2: The last digit isn't even, so obviously 1037 isn't divisible by 2.
3: The sum of the digits is 11, which isn't divisible by 3, so 1037 isn't divisible by 3.
5: The last digit isn't 5 or 0, so 1037 isn't divisible by 5.
7: If 1037 were divisible by 7, so would 1030. If 1030 were divisible by 7, 103 would be too. If 103 were divisible by 7, so would 110, which is $2 \cdot 5 \cdot 11$ and is therefore not divisible by 7. So 1037 isn't divisible by 7.
11: $1 - 0 + 3 - 7 = -3$, which is not divisible by 11, so 1037 isn't divisible by 11.
13: If 1037 were divisible by 13, then $1050 = 1037 + 13$ would also be. If $1050$ were divisible by 13, $105$ would be too. But $105 = 3 \cdot 5 \cdot 7$, so it isn't divisible by 13, so neither is 1037.

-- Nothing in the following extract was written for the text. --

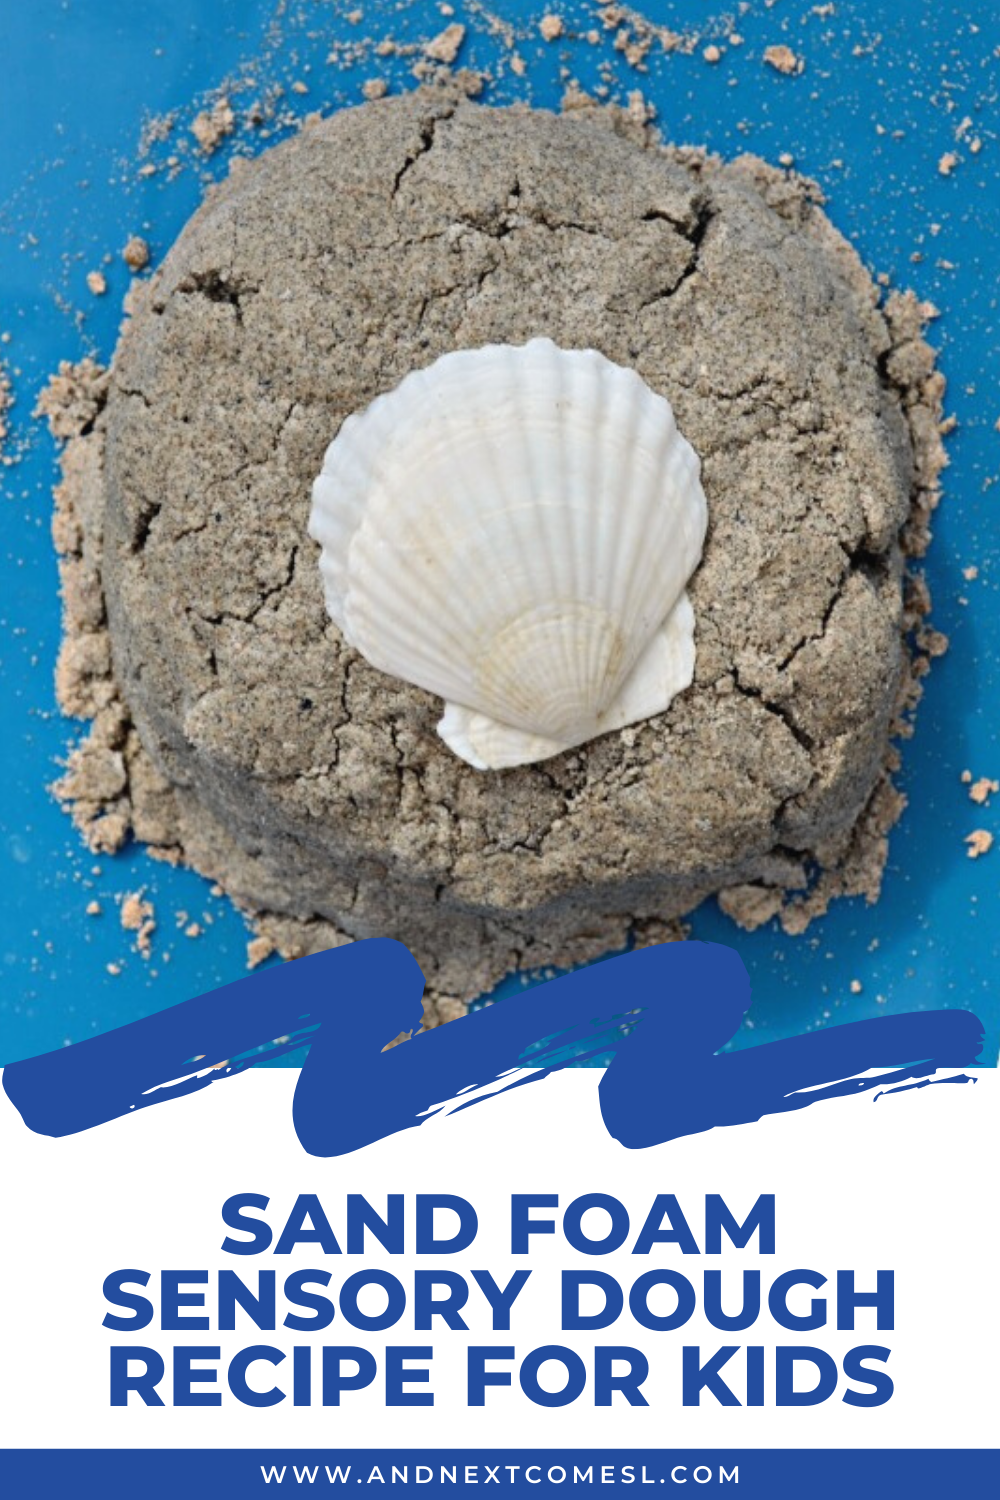 Easy 3 ingredient sand foam sensory dough recipe for kids

17: 1037 is divisible by 17 only if $1037 - 17 = 1020$ is. 1020 is divisible by 17 only if $102$ is. $102 = 2 \cdot 51 = 2 \cdot 3 \cdot 17$, so it is divisible by 17, so 1037 is divisible by 17, so 1037 isn't prime.
Note: These approaches don't do a good job of factoring - it's a bit tricky to unwind that last argument to figure out what $1037/17$ is. But if the question is just "is it prime", this should work fine.
Solution 5:
You're not likely to get even a moderately large random number to factor. In addition to the tests in the other answers, it might help (and it's cool to know) the test for $11$ - calculate the alternating sum of the digits and look for $0$.
At the next level, the fact that $1001 = 7 \times 11 \times 13$ means you can test for divisibility for all of those by calculating the alternating sum of three digit blocks, then just testing the three digit result.
Finally, $91$ is the only number less than $100$ that "looks like a prime" but isn't. That's because the evens, multiples of $3$ and $5$, $77$ and $49$ are clearly composite. The others are the numbers that look like primes.